Al principio fue una relación muy clásica. Marcaron mi infancia y mi adolescencia: viajes en colectivo, recreos escolares, colonias de vacaciones, todo eso. Con el tiempo fui desarrollando el gusto, haciéndolos tema de conversación, calificándolos inconscientemente, y cuando descubrí que podía escribir sobre ellos (ya lo había hecho Daniel Belvedere, precursor en esto del análisis de alfajores), toda esa pasión y ese cariño se desató en forma de blog. Y sí, claro que son una golosina. Las golosinas tienen esa capacidad especial para asociarse a un momento de la vida, a un lugar o a una situación. En ese sentido el alfajor es la golosina por excelencia. Esto explica que el relanzamiento del Suchard de 2012 haya aglutinado tal cantidad de adultos decepcionados. El famoso “ya no es lo que era”, que parece ser la respuesta invariable a todo relanzamiento. Aunque el Suchard realmente parece haber perdido calidad, según los testimonios que fui recogiendo. Se dice que el original era idéntico al actual Cachafaz de mousse. [En todo esto ahondamos acá].

—En un texto de tu página das a entender que el alfajor blanco tendría los días contados. ¿El negro se queda con todo?

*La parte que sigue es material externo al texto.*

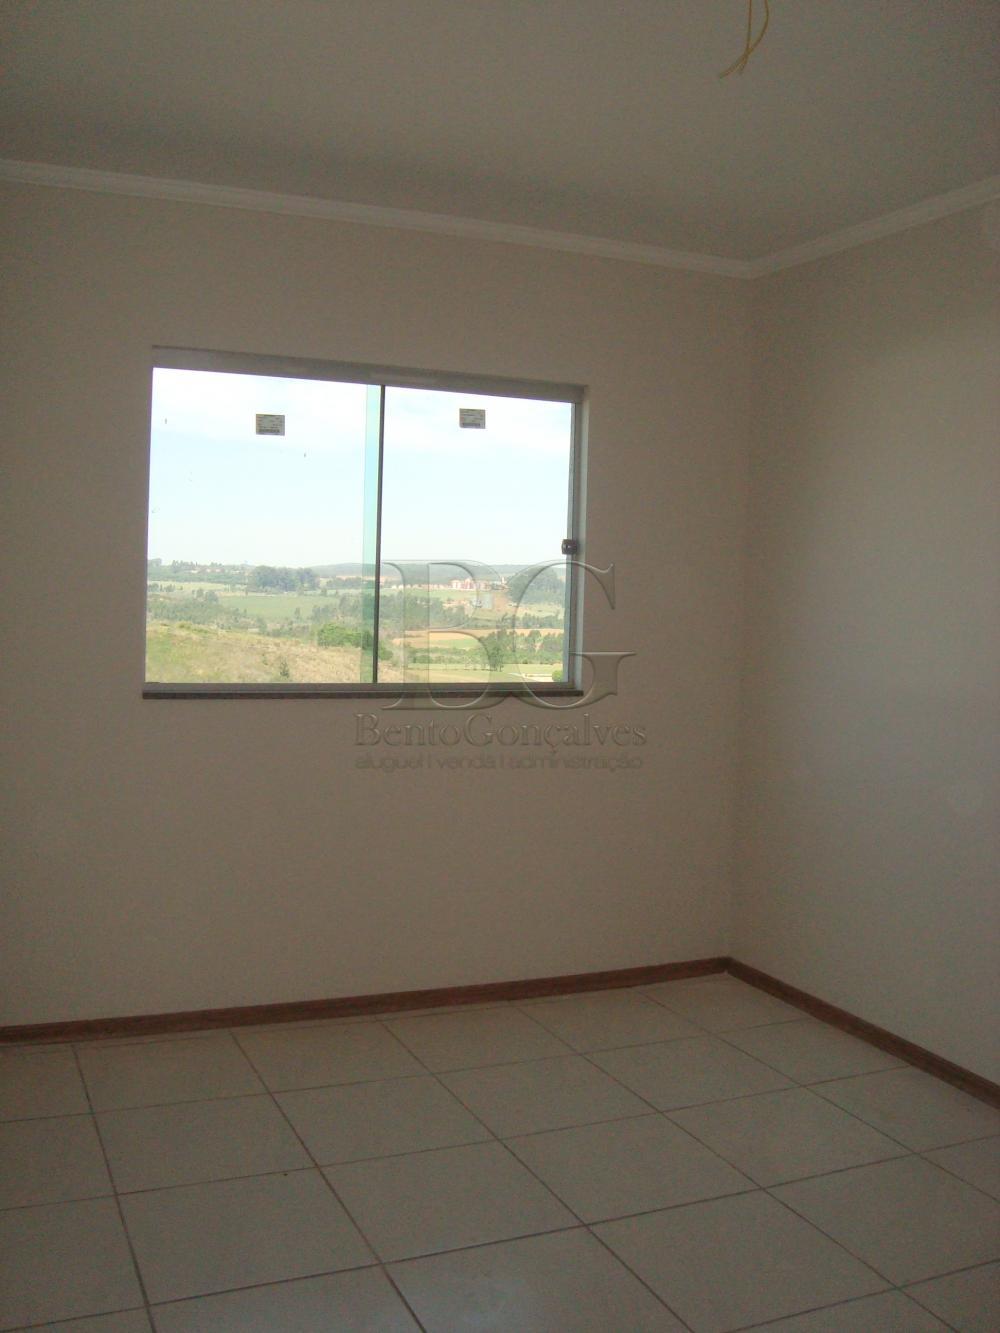 Comprar Apartamentos / Padrão em Poços de Caldas apenas R$ 175.000,00 - Foto 6

—No era exactamente eso lo que quería decir. Lo que ocurre es que el chocolate blanco, como cobertura o en su forma pura, digamos, está mucho más limitado que el chocolate negro: es más insípido y empalagoso. Pero al mismo tiempo, mientras digo estas palabras, me invade un antojo de chocolate blanco. Son dos cosas distintas y hay lugar para las dos en el mercado de los alfajores. No lo confundamos, eso sí, con el alfajor glaseado, es decir, el que está bañado en azúcar. Los tres tipos tienen su atractivo y pueden coexistir pacíficamente.

—Pensaba que sos un lúcido y delicado lector de escritores secretos. Y pensaba que sos muy joven. ¿Cómo se da eso?

—Fua, no sé si tanto. Pero claro, leo, y absorbo un poco, lo que puedo. Me interesa la manera de narrar las cosas simples, cotidianas, de escritores como Levrero (que sí vendría a ser una especie de escritor secreto, o escritor maldito), por ejemplo. En ese sentido el blog es también un ejercicio de escritura. Pero a pesar de las pretensiones que se me cuelan, por supuesto que no aspiro a hacer literatura ni mucho menos al reseñar alfajores, no por el tópico, sino por falta de capacidad. En todo caso, creo que hay mucho más del lenguaje ensayístico, académico, en las reseñas, lo cual deriva en una cruza bastante divertida. Hablar de alfajores como si se tratara de una monografía, con ese lenguaje y ese rigor. Ésas son mis intenciones; de ahí a que se traduzcan en los textos… Estoy practicando.

—¡Jajajaja! ¡¡Me equivoqué de interlocutor!!